Si bien es cierto que no lo eligió, que fue una necesidad, que la lectura en un principio la salvó del silencio y de la extrema soledad a la que la sometieron tanto la odiosa presencia de su madre como la cobarde ausencia de su padre, ahora, esa elección se ha cristalizado y, si de repente aparece una molesta señora con ganas de mostrarle alguna otra posibilidad de relacionarse con los demás, no da la impresión de que el asunto le interese demasiado.

Repito que no lo sé.

Y, aunque suene horrible tanta sinceridad, agrego que por suerte mañana será lunes y podré por fin devolvérsela a Paloma. Estoy desbordada.

 

⸺—Buen día, ¿la señora Paloma?

⸺—No se encuentra, ¿en qué puedo ayudarla?

Sentada detrás del enorme escritorio de siempre, la que me contestó que Paloma no se encontraba era una chica rubia que no llegaba a los veinte años.

Muy extraña la situación.

Para mí, claro, no para L.

L pasó junto a la muchacha sin siquiera mirarla cargando su libro y se dirigió a paso firme, como seguramente lo había hecho durante toda la vida, hacia el fondo del local, hacia la puerta cerrada del depósito. Pero no pudo entrar. La chica dejó el escritorio de un salto, se interpuso en su camino y le explicó que eso era un depósito de materiales en desuso y que ahí solo podían ingresar los empleados de la biblioteca. Por supuesto, la nena no entendía nada de lo que decía la mujer e intentaba esquivarla sin conseguirlo.

Me acerqué hasta ellas de inmediato.

Y le pedí lentamente a L que por favor se sentara allí mismo, en el piso, que todavía no podía entrar al depósito, que me permitiera continuar conversando con la chica, que pronto, cuando llegara su madre, el asunto iba a solucionarse.

L se sentó, cruzó las piernas y abrió La vuelta al mundo en ochenta días.

No parecía molesta.

La que estaba molesta era yo. Muy molesta. O desesperada, mejor.

⸺—Perdón, señorita, la nena es la hija de Paloma, sabe a qué hora ella llega.

⸺—No.

⸺—¿Cómo que no sabe?

⸺—No, no lo sé.

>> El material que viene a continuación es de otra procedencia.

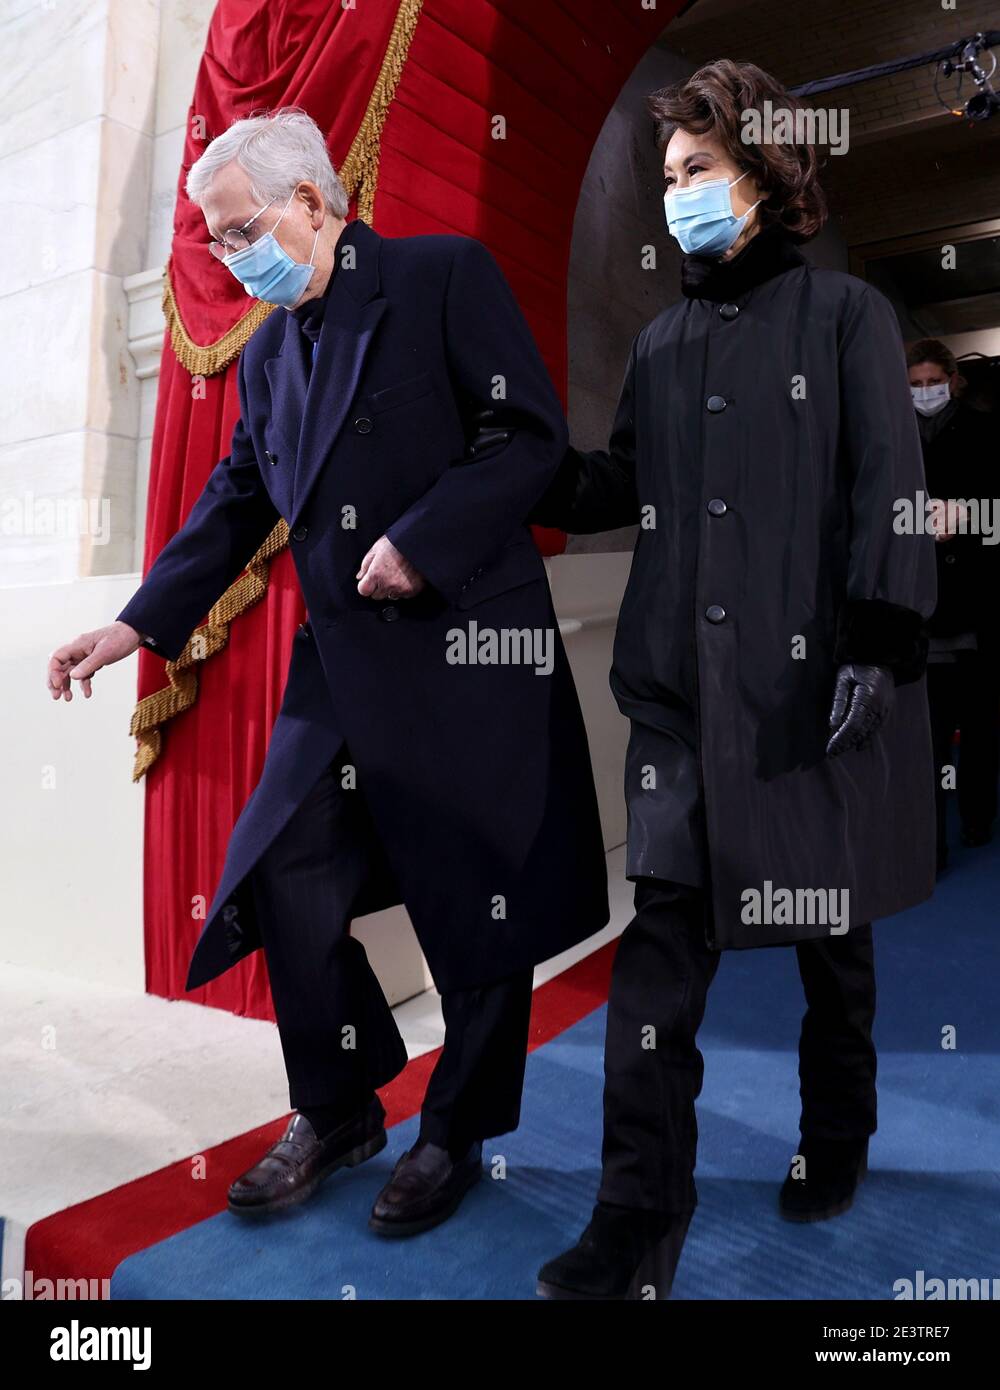 Washington, United States. 20th Jan, 2021. Senator Mitch McConnell (R-KY) arrives with his wife Elaine Chao during the inauguration of Joe Biden as the 46th President of the United States on the West Front of the U.S. Capitol in Washington on January 20, 2021. Pool Photo by Jonathan Ernst/UPI Credit: UPI/Alamy Live News Stock Photo

Y no creo que hoy venga, el viernes pasado la señora se pidió unas vacaciones que tenía atrasadas. A mí me mandaron en su reemplazo.

⸺—¿Vacaciones?

⸺—Sí.

⸺—¿Sabe por cuántos días?

⸺—No.

Los bolsos con la ropa de L habían quedado cerca de la puerta de ingreso a la biblioteca. Los miré, luego miré a la nena leyendo con las piernas en cruz junto a la puerta cerrada del depósito y creo que entendí todo.

Muy plana, Paloma.

Y yo demasiado redonda.

 

Un lunes de locos. Imposible. Eso ha sido el día de hoy. Ya es de noche, tarde, y aunque lo único que necesito, ahora mismo, es dormir de un tirón cuatrocientas horas o más, debo dar cuenta de lo ocurrido, no sé si mañana recordaré los detalles, tiendo a borrar aquello que me hizo daño con cierta facilidad.

Fui Paloma.

Todo el día, fui Paloma.

En principio, apenas escuché que la muchacha no sabía cuándo volvería de las vacaciones su madre, me acerqué hasta L y la sujeté de un brazo obligándola a que se pusiera de pie. Se paró, caminamos hasta los enormes bolsos que habían quedado cerca de la puerta de la biblioteca; enojada, muy enojada, no me despedí de la chica e, incluso, vi o imaginé que la nena se dio la vuelta para mirarla unos segundos con algo de ternura y de incomprensión antes de salir.

Luego.

Anduvimos hasta mi consultorio en silencio.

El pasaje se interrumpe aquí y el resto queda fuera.